Como se pode verificar pela tinta que já fez (e continua a fazer) correr, não só neste como noutros fóruns, o pronome relativo cujo levanta efectivamente alguns problemas e dificuldades ao nível da sua aplicação e enquadramento sintácticos e semânticos, sendo até considerado por João Peres e Telmo Móia uma das áreas críticas da língua portuguesa (Lisboa, Caminho, 1995, pp. 314-315).
Ainda que tal constatação não nos permita, como é evidente, afirmar que o referido pronome se encontra, por assim dizer, em vias de extinção, a verdade é que, de facto, vários estudos portugueses e brasileiros1 apontam para a sua utilização cada vez menos frequente na linguagem falada. Os investigadores do Instituto de Linguística Teórica e Computacional (ILTEC) Eva Arim, Maria Celeste Ramilo e Tiago Freitas («Estratégias de relativização nos meios de comunicação social portugueses», in Actas do XIX Encontro da Associação Portuguesa de Linguística. Lisboa: APL. 2004), por exemplo, sustentando-se no corpus REDIP (que contempla a linguagem produzida na rádio, na televisão e na imprensa, em Portugal, no ano de 1998), concluem que o pronome cujo parece «gerar alguma estranheza quando utilizado» (p. 9). Segundo Eva Arim e outros, o referido termo apresenta apenas, no citado corpus, 18 ocorrências no discurso oral e 38 no discurso escrito (numa proporção, portanto, de 67% para 33%, respectivamente). Segundo Marcos Bagno (Português ou brasileiro? Um convite à pesquisa. São Paulo: Parábola Editorial, 2001), citado pelos referidos investigadores, «a tendência para o desaparecimento do pronome cujo deve-se de certa forma ao facto de este pronome ter perdido algumas das funções que desempenhou em estádios anteriores da língua, como a de pronome interrogativo, ex.: Cuja é esta caveira? [...] com o valor equivalente à da formulação actual De quem é esta caveira?» (p. 9). Assim, Eva Arim e outros constatam, por exemplo, que «a queda em desuso do pronome cujo parece ser um dos factores responsáveis pelo aparecimento de relativas cortadoras» (p. 9), apresentando os autores os seguintes exemplos em que os falantes, para não usarem o pronome cujo (o elemento que mais se adequaria a construções deste tipo), acabam por recorrer à referida estratégia cortadora:
a) Nós temos nos nossos cromossomas umas partezinhas que são os telómeros, que não interessa muito os nomes. [Outro Sentido, RDP África] (em vez da «alternativa canónica» (p. 10) Nós temos nos nossos cromossomas umas partezinhas que são os telómeros, cujos nomes não interessam muito);
b) Agora o santo padre fez uma encíclica entre a fé e a razão que eu recomendo a leitura. [Casos de Polícia, SIC], em vez da «alternativa canónica» Agora o santo padre fez uma encíclica entre a fé e a razão, cuja leitura eu recomendo.

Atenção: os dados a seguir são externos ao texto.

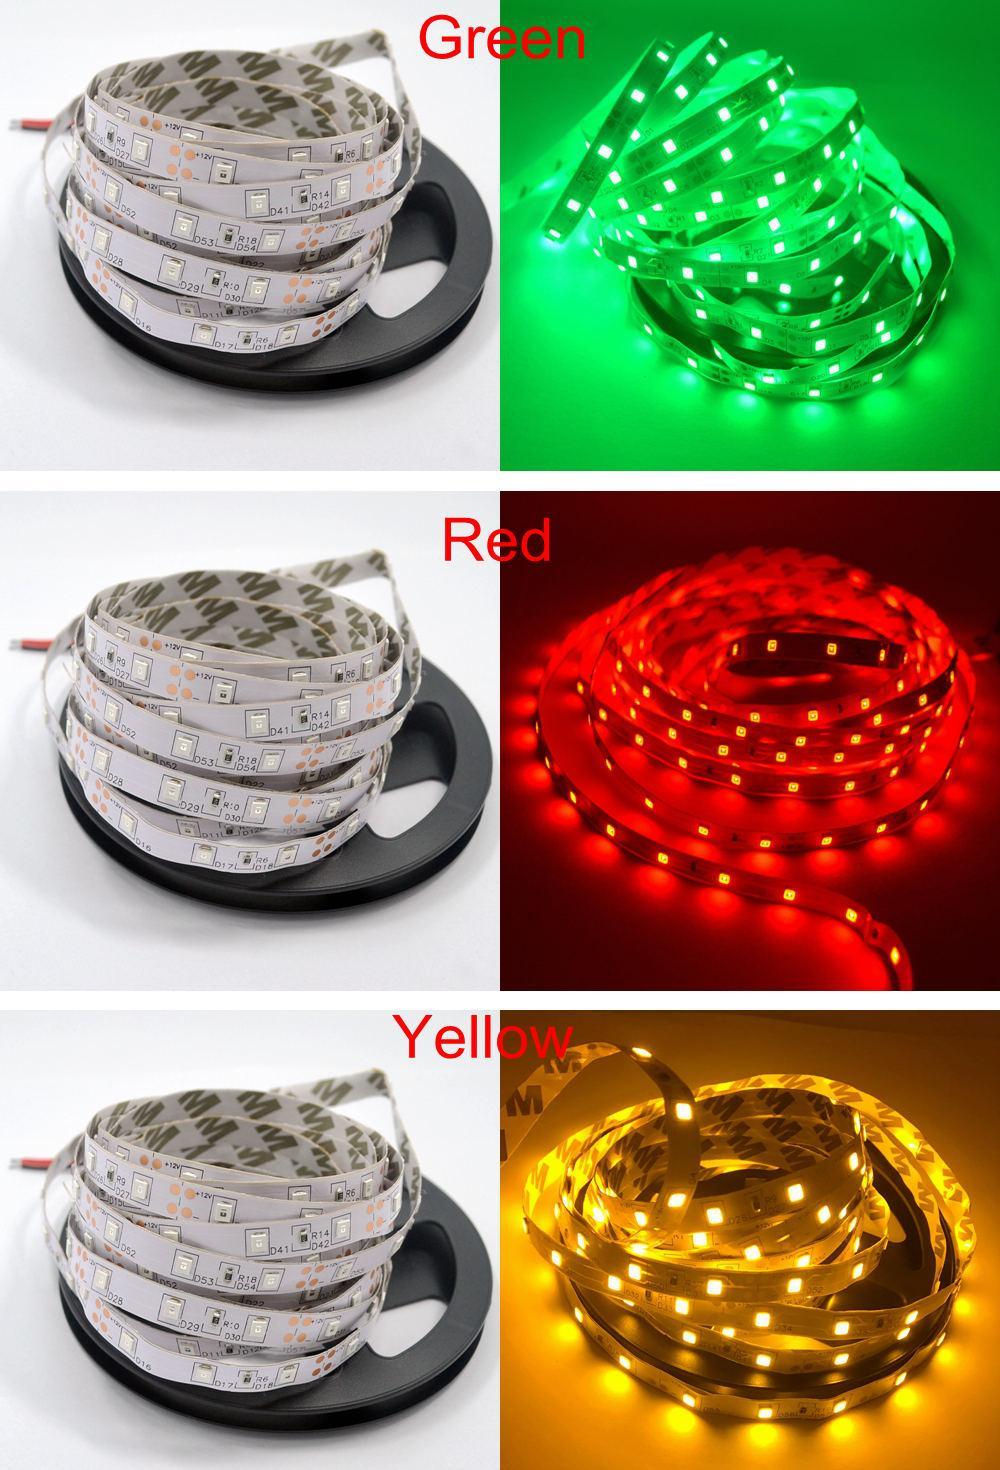 5m 2835 No Tira de Luz Led RGB RGB DC 12V 300Leds Luz de Iluminación de Vacaciones Flexible Decoración para el Hogar Cinta de Cinta Lámpara de Escritorio

Valerá ainda a pena dizer, em sintonia aliás com as conclusões da consulente, que, do ponto de vista da linguagem escrita, a utilização do pronome relativo em análise continua, de acordo com os estudos consultados, a ser relativamente frequente. Neste sentido, uma consulta aos corpora CETEMPúblico e CETENFolha mostra claramente a pertinência de tal conclusão: 19 112 ocorrências do referido pronome no primeiro e 2177 no segundo.
1 Por exemplo, neste estudo da investigadora brasileira Dorotea Frank Kersch (Preposição diante do pronome relativo no português brasileiro e europeu, DELTA: Documentação de Estudos em Linguística Teórica e Aplicada, 2008), partindo de conclusões de Fernando Tarallo (Relativization strategies in Brazilian Portuguese. Philadelphia, University of Pennsylvania, PhD Dissertation, mimeo. 1983), uma das premissas de partida é justamente a de que, do ponto de vista da oralidade, «o pronome relativo cujo [no Brasil] está em desuso, sendo substituído por outros pronomes relativos ou por outras construções».